Tuesday, January 01, 2008

Beaten to it by a better man ...

Or, at least, an advocate:

Thank the lord...

That this wasn't Prescott!

Shock Factoid

According to the Scotsman, the SNP were crowing that their membership has risen 11% in the last year. On the face of it, this seems a significant vote of approval in their policies.

However, that has risen to a mere 13,944 souls.
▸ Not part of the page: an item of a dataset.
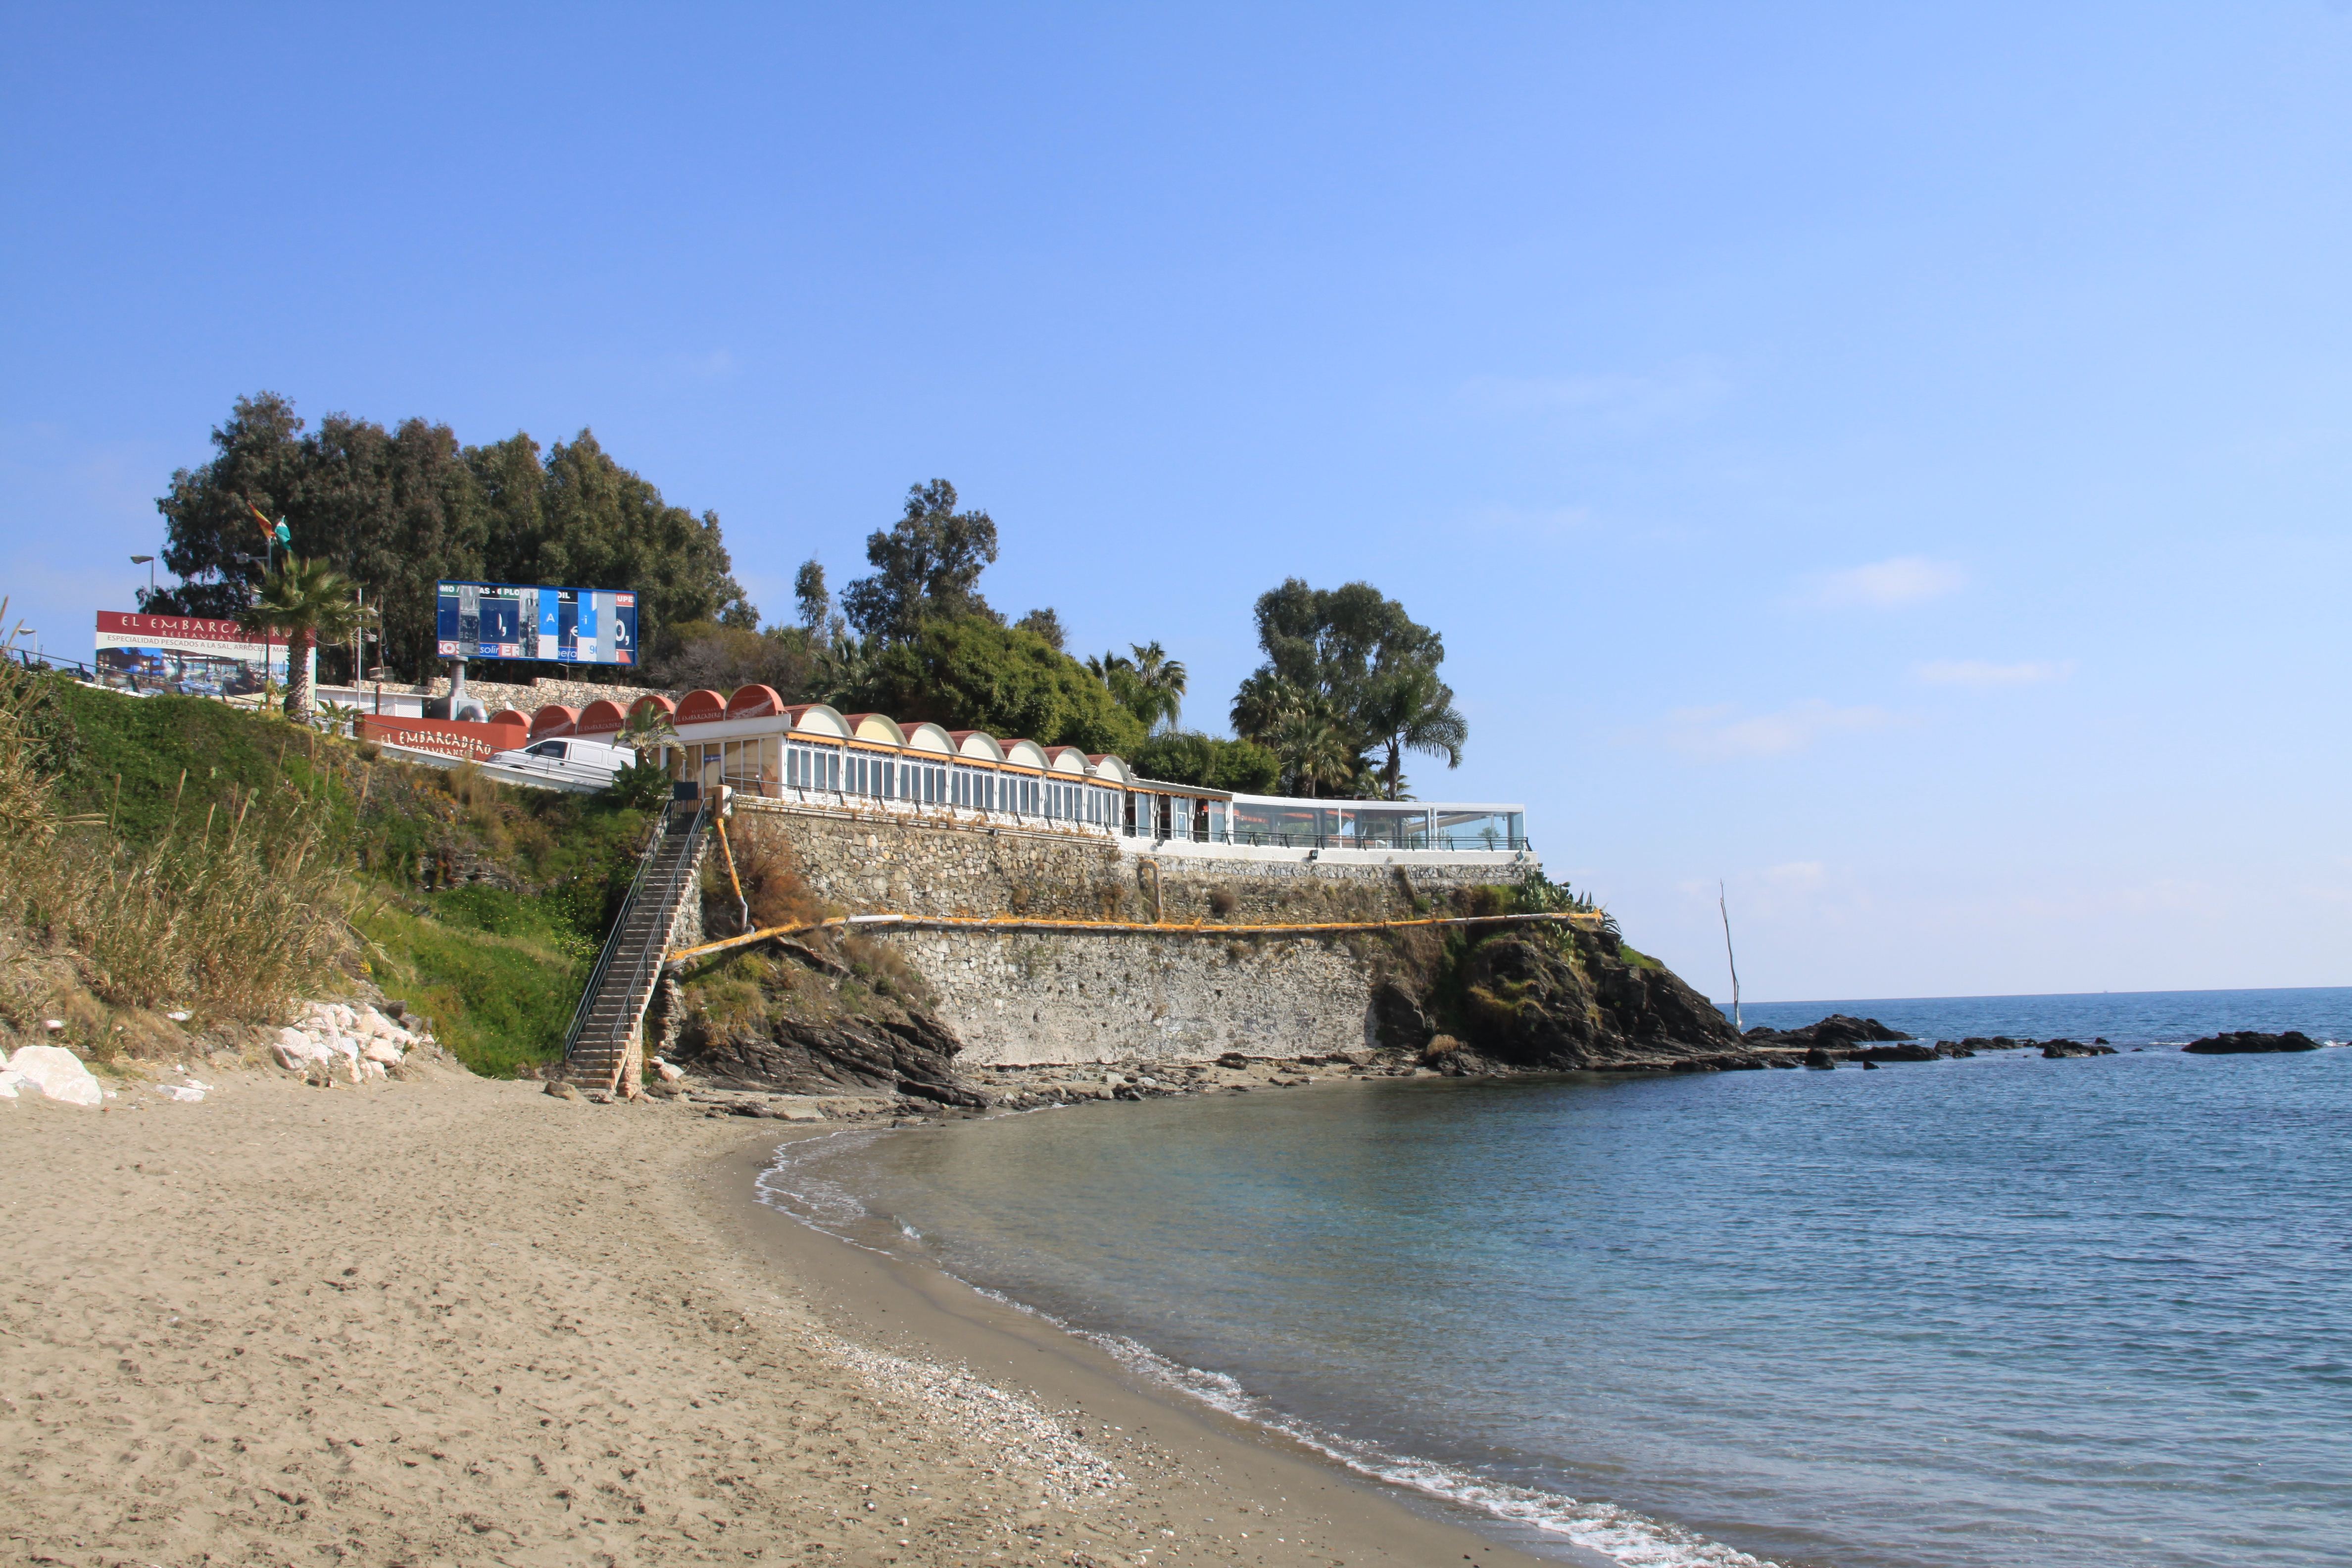 Costa Del Sol Water Park Hotel

To put this into perspective, the greatest shake-up in the British constitutional framework since universal voting rights, and possibly since the 1707 Act of Union itself is being driven by very few people, a mere 0.27% of the population of Scotland (figure from the Office of National Statistics):

  • Under 1600 more than attended Dundee United's recent 2-0 defeat by Celtic.
  • Roughly 10000 fewer than voted for "the most useless man in Westminster", Falkirk's very own, Eric Joyce.
  • Less than 9 times the number of the severely deluded who voted for the "fattest numpty in Paisley", our Hero, Terry Kelly1.
  • Fewer than 1/10 the number of people who work for2 the NHS in Scotland.
  • Slightly more than 1/4 of the number of children born in Scotland in 2005.
  • Well under half the number of people registered members of the Army Rumour Service website.
I just really, really didn't think it was very many.

1. - Who still insists he represents "My ward is Whitesbridge, Fischer, Baronscourt and Ferguslie. ( Ward 3 )". Actually, according to the council, he represents Ward 4, Paisley North West. Let's not let a wee thing like the complete reorganisation of the system of voting for councillors get betweeen us :)

2. Okay, "paid by" may be more relevant than "work for".